Railway station in Tochigi, Tochigi Prefecture, Japan

Iwafune Station (岩舟駅, Iwafune-eki) is a railway station in the city of Tochigi, Tochigi Prefecture, Japan, operated by the East Japan Railway Company (JR East).

==Lines==
Iwafune Station is served by the Ryōmō Line, and is located 19.3 km from the terminus of the line at Oyama Station.

==Station layout==
Iwafune Station has a single island platform and a single side platform connected to the station building by a footbridge. The station is unattended.

===Platforms===

| 1 | ■ Ryōmō Line | for Tochigi for Oyama |
| 2, 3 | ■ Ryōmō Line | for Sano, and Takasaki |

==History==
Iwafune Station was opened on 10 October 1889 as Iwafune Station (岩船駅, Iwafune-eki). It was renamed to its present kanji spelling on 1 March 1902. The station was absorbed into the JR East network upon the privatization of the Japanese National Railways (JNR) on 1 April 1987.

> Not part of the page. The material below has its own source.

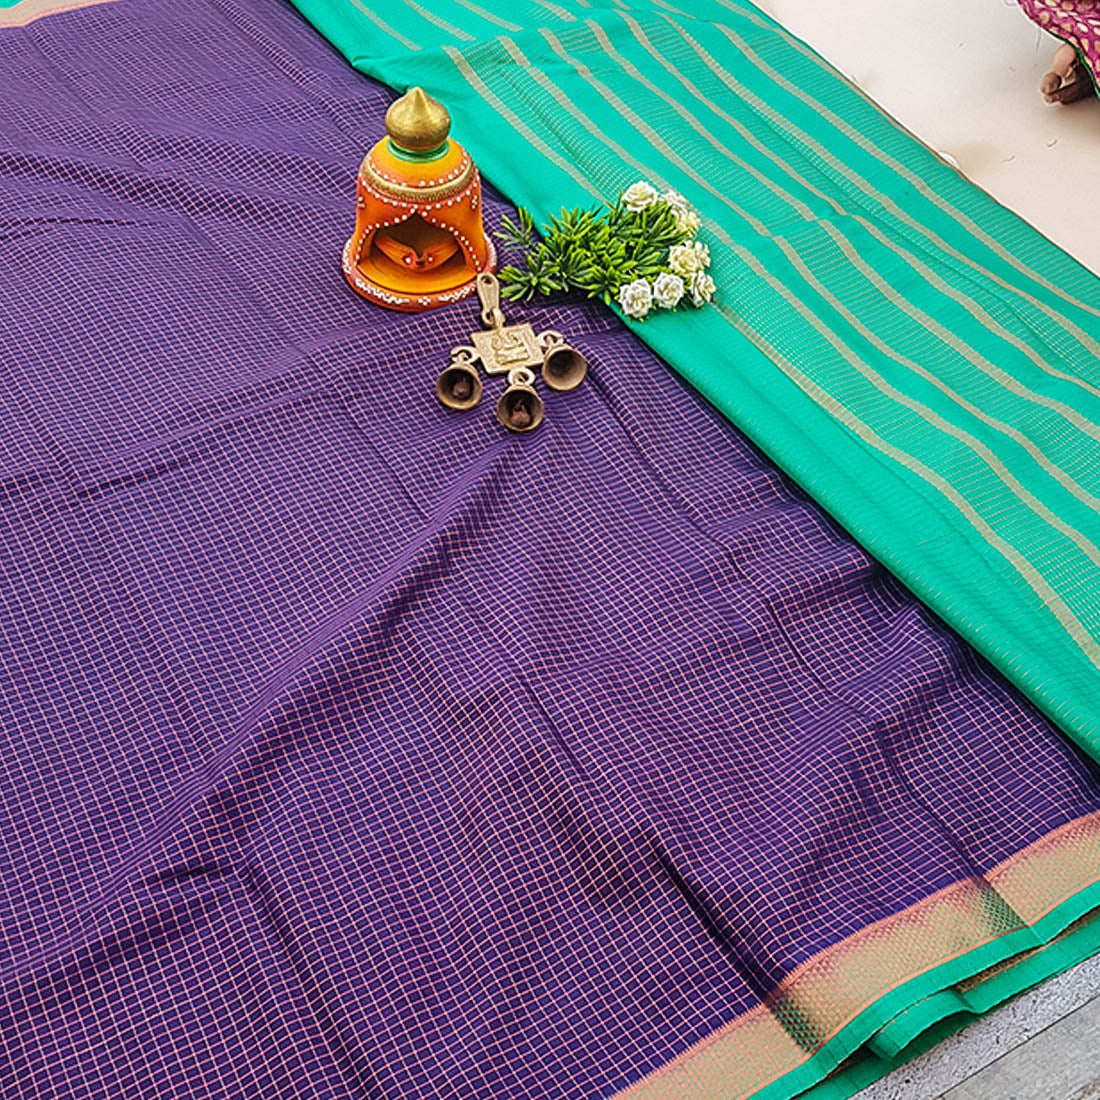 Mysore crepe Semi-silk saree in Purple/Blue Colour 13704N

The current station structure was built in 1936 as a half-timbered building with a characteristic foundation made of regional "Iwafune stone". Originally it had a station master as depicted in the anime film listed below, and a lockable waiting room. As part of a renovation and simultaneous modernization, the part of the station master's accommodation was demolished by JR East in 2006 and the rest of the building was converted into an open waiting hall. The station has been in unstaffed operation since then.

==Passenger statistics==
In Fiscal 2011, the station was used by an average of 568 passengers daily (boarding passengers only).

==Surrounding area==
- Iwafune Post Office
- Iwafune Geological Museum

==Film setting==
In the 2007 animated film 5 Centimeters per Second, Takaki and Akari see each other for the last time at this station on 4 March 1995. Twelve years later, Akari departs from this station for her wedding in Tokyo. In the manga adaption of the film, Takaki also visits this station with his girlfriend in 2007.